Sylvain Jeaugey wrote:
On Thu, 10 Jun 2010, Paul H. Hargrove wrote:
[snip]
As for why mmap is slower. When the file is on a real (not tmpfs or
other ramdisk) I am 95% certain that this is an artifact of the Linux
swapper/pager behavior which is thinking it is being smart by
"swapping ahead". Even when there is no memory pressure that
requires swapping, Linux starts queuing swap I/O for pages to keep
the number of "clean" pages up when possible. This results in pages
of the shared memory file being written out to the actual block
device. Both the background I/O and the VM metadata updates
contribute to the lost time. I say 95% certain because I have a
colleague who looked into this phenomena in another setting and I am
recounting what he reported as clearly as I can remember, but might
have misunderstood or inserted my own speculation by accident. A
sufficiently motivated investigator (not me) could probably devise an
experiment to verify this.
Interesting. Do you think this behavior of the linux kernel would
change if the file was unlink()ed after attach ?
Sylvain
As Jeff pointed out, the file IS unlinked by Open MPI, presumably to
ensure it is not left behind in case of abnormal termination.

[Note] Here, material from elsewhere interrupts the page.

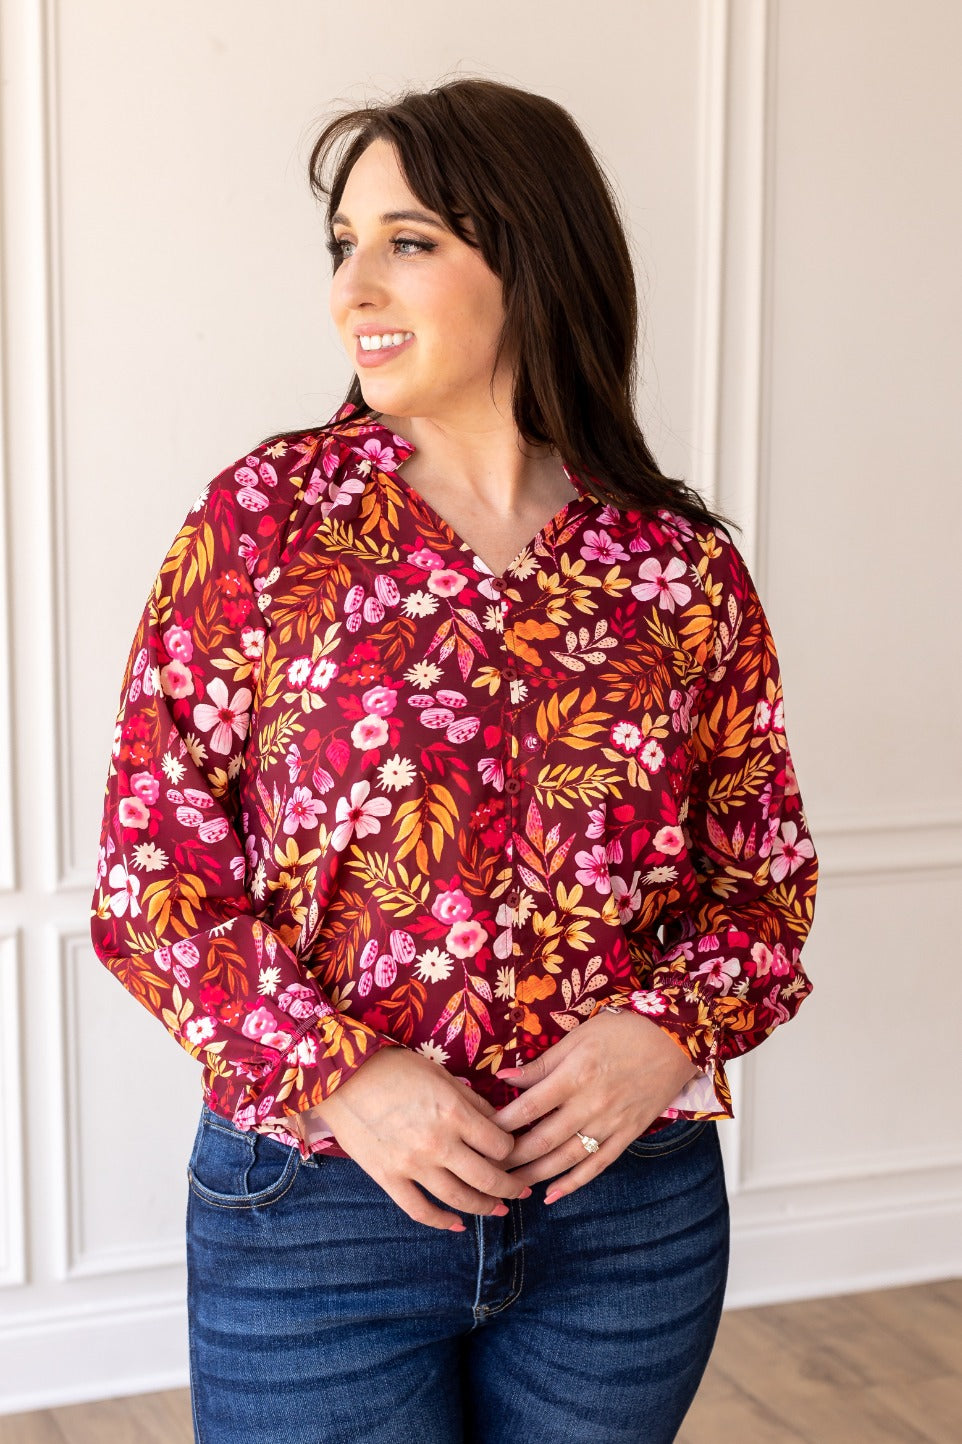 The Valerie Top

This was also the case for the scenario I reported my colleague looking
at. We were (unpleasantly) surprised to find that this "swap ahead"
behavior was being applied to an unlinked file : a case that would
appear to be a very simple one to optimize away. However, the simple
fact is that Linux appears just to queue I/O to the "backing store" for
a page regardless of little details like it being unlinked.
-Paul
--
Paul H. Hargrove phhargr...@lbl.gov
Future Technologies Group
HPC Research Department Tel: +1-510-495-2352
Lawrence Berkeley National Laboratory Fax: +1-510-486-6900